Data block: Begin

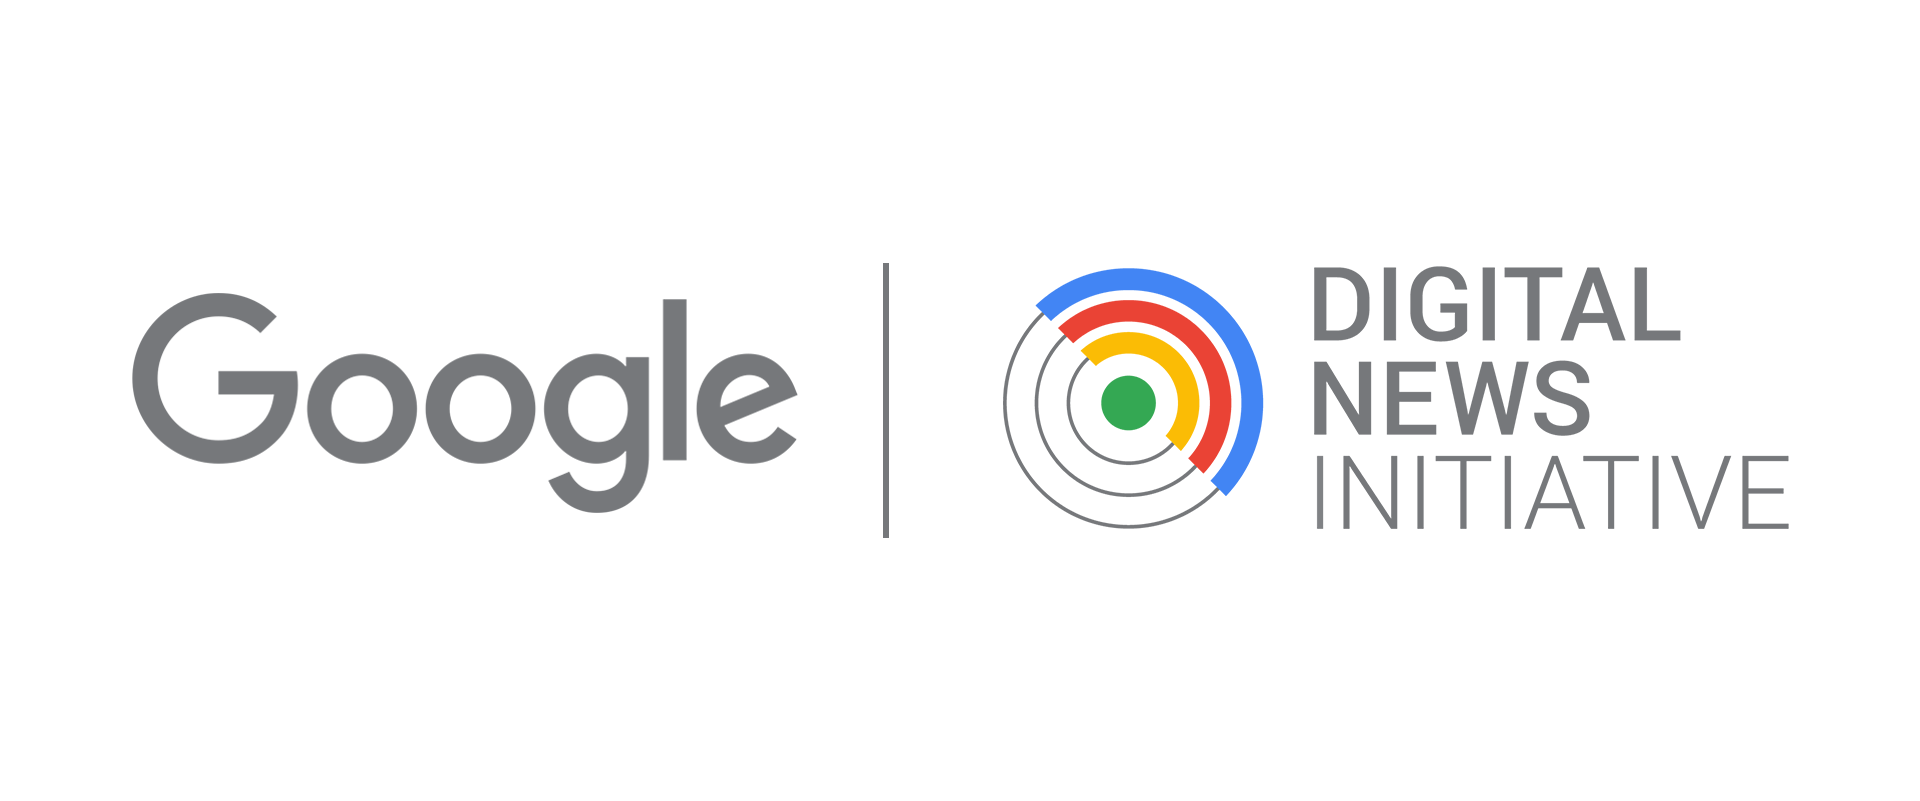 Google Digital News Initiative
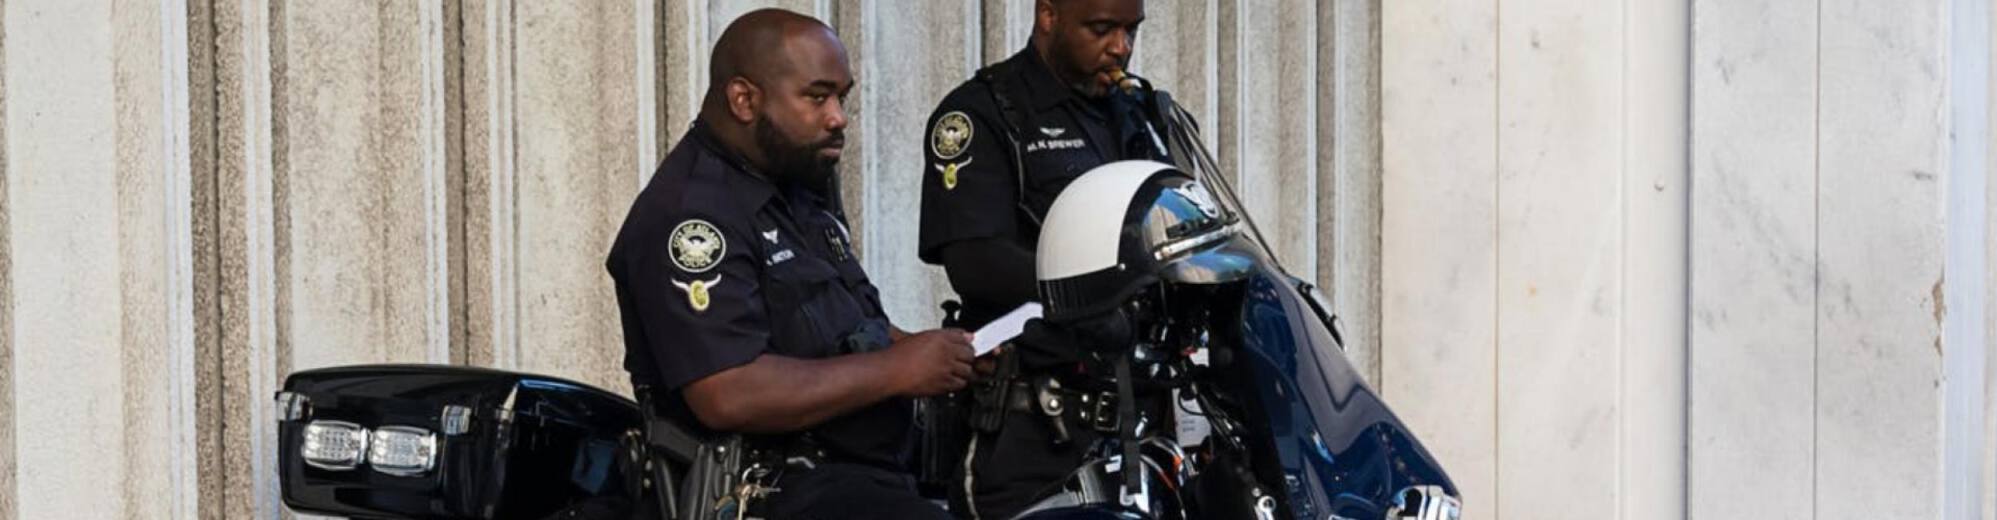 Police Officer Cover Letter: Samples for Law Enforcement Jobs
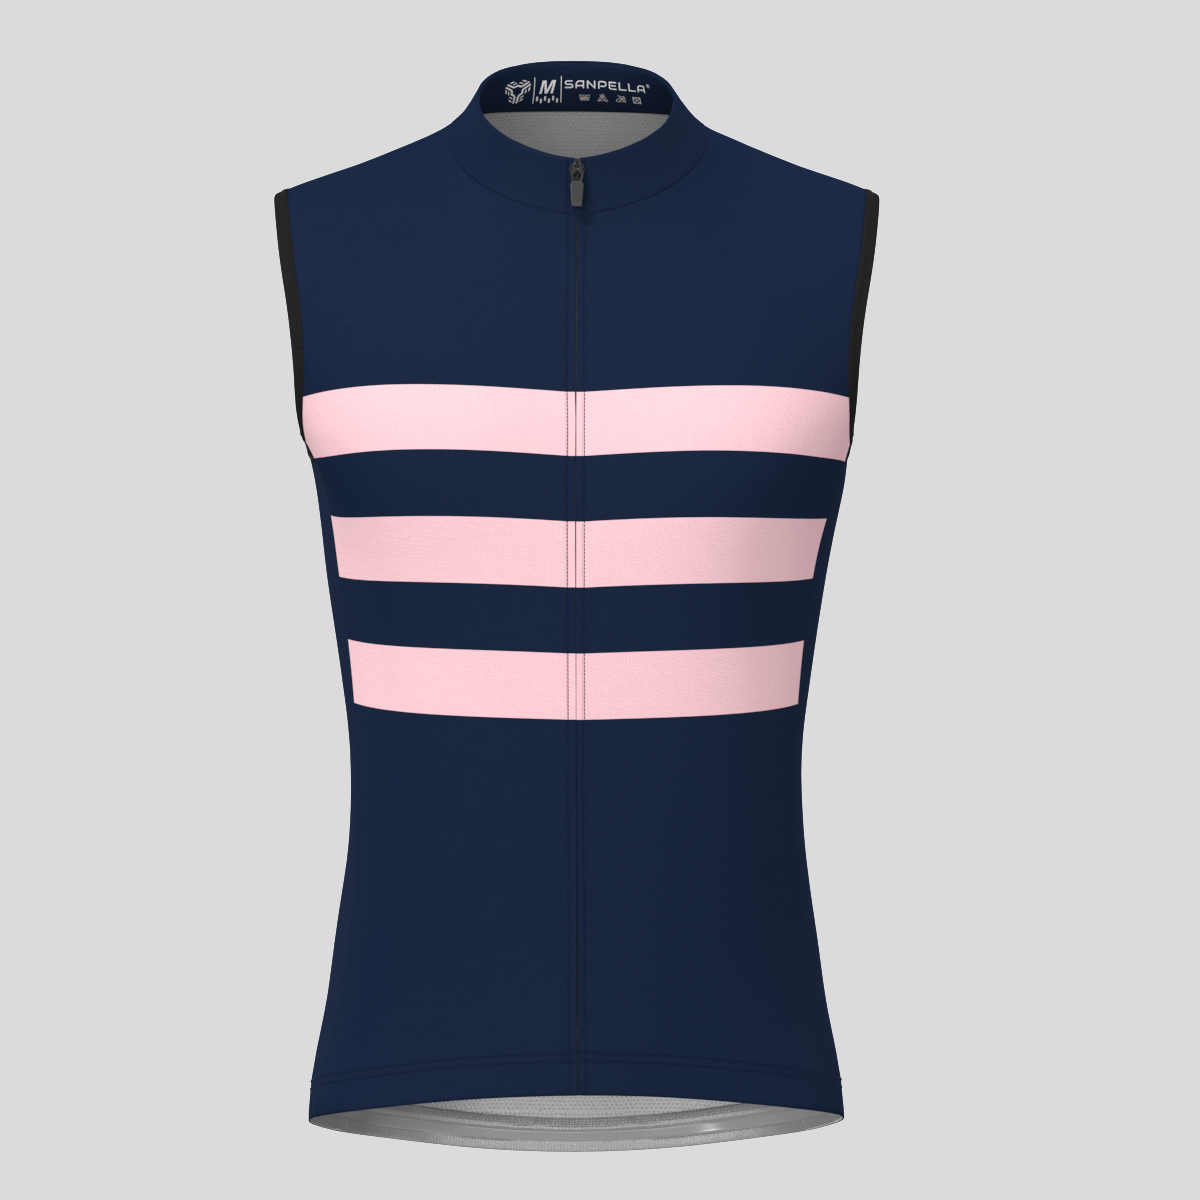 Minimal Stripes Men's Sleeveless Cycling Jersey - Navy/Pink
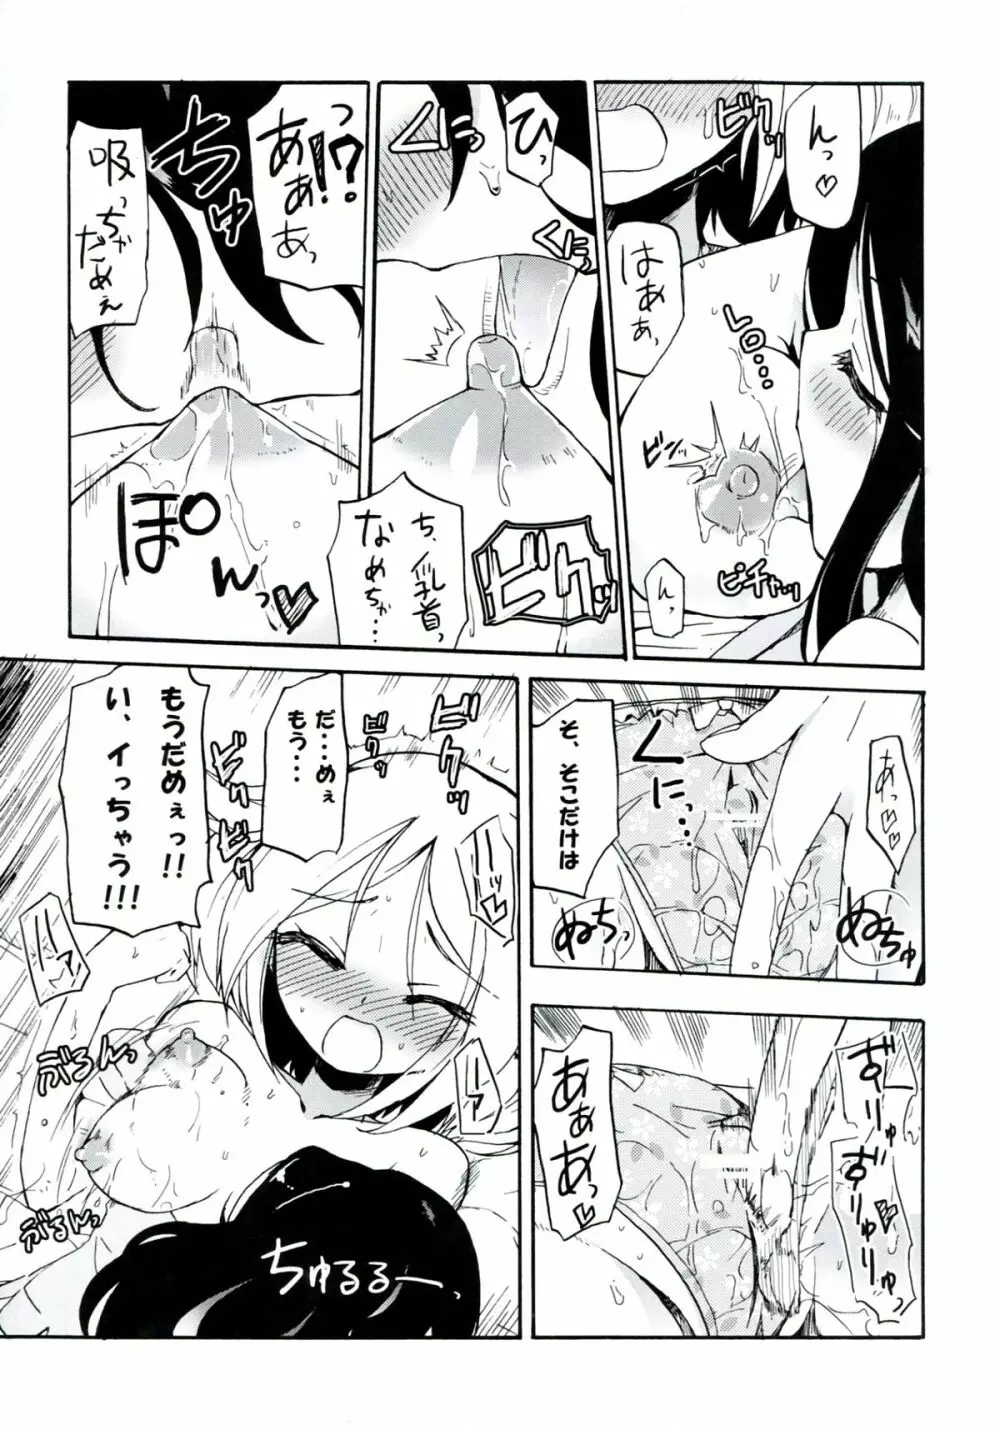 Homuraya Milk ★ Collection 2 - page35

Data block: End

Retype the data above as given, letting no picture into the copy.

Result for this task –
 Google Digital News Initiative
 Police Officer Cover Letter: Samples for Law Enforcement Jobs
 Minimal Stripes Men's Sleeveless Cycling Jersey - Navy/Pink
 Homuraya Milk ★ Collection 2 - page35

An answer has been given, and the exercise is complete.